There’s a video of a Starbucks employee named Avery in tears over their labor conditions working at Starbucks making the rounds across the internet this week. It seems to hit a chord with many who feel that the personal conditions they outline, working 25 hours a week while being a full-time student, is overexaggerated and their complaints aren’t valid.
“I’m a full-time student,” Avery said in the video.” I get scheduled for 25 hours a week, and on weekends they schedule me the entire day — open to close. I’m on the schedule for eight-and-a-half hours, both Saturday and Sunday.”
What many people have left out in their coverage, however, is Avery’s overall point. It’s not about Avery’s personal workload, though that is a part of it. It’s that the workers at his Starbucks are outnumbered by the customers at the store. In other words, management has chosen to maximize profit rather than make sure that the store is appropriately staffed.
“There are so many customers and we have four people on the floor all day,” the video said.
“Only five people were scheduled for the day and one of them had to call out. There are only thirteen employees at the whole store and so many customers. We don’t have fair scheduling, managers don’t care about us, the manager was supposed to work this weekend and just tore the schedule down because he didn’t want to be held accountable for not wanting to come in.”
Avery’s location is not alone in the way it’s staffed. There is a petition on coworker.org outlining the worker shortage as it is, calling for corporate to find better staffing solutions.
“The labor situation has gone from tight to infuriating,” the site reads. “Labor has been cut so much in corporate stores, that one call-off (an employee calling in sick) impacts the entire day, as managers are directed to cut shifts to save on labor costs. Baristas trying to work more than 25 hours a week (myself included) find that a near impossible task.”
It is clear that Starbucks caters its hiring to people like students looking for a part-time job, and the reason they do that is simple. In most cases, they don’t have to hire workers that need full-time benefits.
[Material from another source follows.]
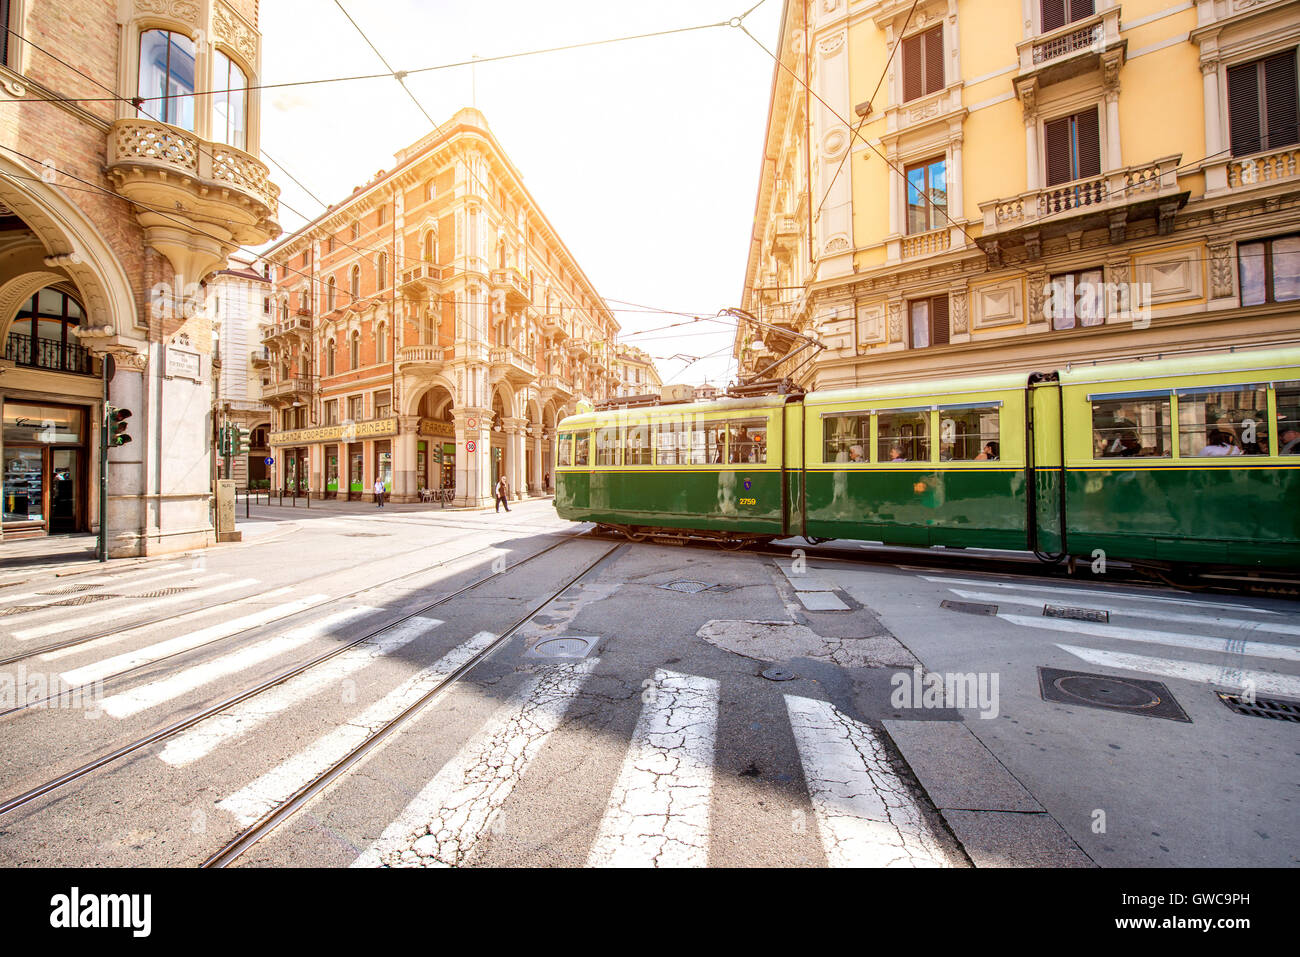 La ciudad de Turín en Italia Foto de stock

In the case of tenured Starbucks employees, this is a slap in the face, while actual students like Avery find themselves overworked in comparison to their outside life.
“Hours are becoming more elusive as store managers hire 10-20 employees at 20-25 hours a week, sacrificing tenured employees,” the petition on coworker.org said. ”At Starbucks, tenure makes no difference. These days, a 7-year employee makes as much as a new hire. Experience is given no merit. Right now, the labor climate keeps most baristas regularly underemployed, enough to qualify for benefits, but not enough to afford to pay for them.”
These conditions have created a burgeoning labor movement for the coffee chain. According to NPR, more than 300 Starbucks stores in close to three dozen states have had union elections — a stunning number, given not a single company-owned store had a union at this time last year. Even more remarkable is that 80% of them, or around 245 stores, have gone in favor of forming a union.
Starbucks has aggressively taken action to fight this unionizing effort. CEO Howard Schultz, who returned to lead Starbucks in April, has taken a wide array of measures to aggressively fight the union. This includes blanketing employee communications with anti-union messaging, including in one-on-one meetings, announcing raises and benefits for nonunion stores only, to firing workers identified as union leaders.
So far, NLRB regional offices around the country have issued 35 formal complaints against Starbucks, citing the company for coercing, threatening, and firing employees over their union activities and withholding wage increases and benefits from unionizing stores.
“We respect our partners’ right to organize but believe the best future is created directly with partners and not a third party,” company spokesman Reggie Borges said in a statement.
According to Vox, the first company-owned Starbucks to unionize was in New York State in December of 2021 after the union shortage related to COVID. By the end of the year, 17 others voted to unionize. In April, 170 locations, until finally we’re at now, where over 300 stores will have voted to unionize.
While the unionizing Starbucks stores so far only represent a small portion of the chain’s roughly 9,000 company-run locations, its number belies its importance. It’s a spark of optimism in a union movement that has been in decline for decades. And as unions have become less prevalent in the American workforce, so have the worker benefits and protections unions afforded, including health care, pensions, and paid time off.
The reality is that Starbucks is coded through marketing and otherwise as a progressive company, and for this reason, many of its employees are also progressive-minded. It totes single-origin coffee beans, championing LGBTQ rights, and famously pushed for its baristas to talk about race with customers in poorly thought-out support of the Black Lives Matter movement.
This is why workers like Avery find themselves working at a place like Starbucks, but also believe they deserve better from the company.
“Starbucks is quote-unquote ‘progressive,’ ‘woke,’ whatever. They give us decent benefits,” Fagan, a 22-year-old shift supervisor in Rochester, said. “But we’re literally selling our lives and time and bodies to this corporation. Tell me why I don’t deserve a living wage.”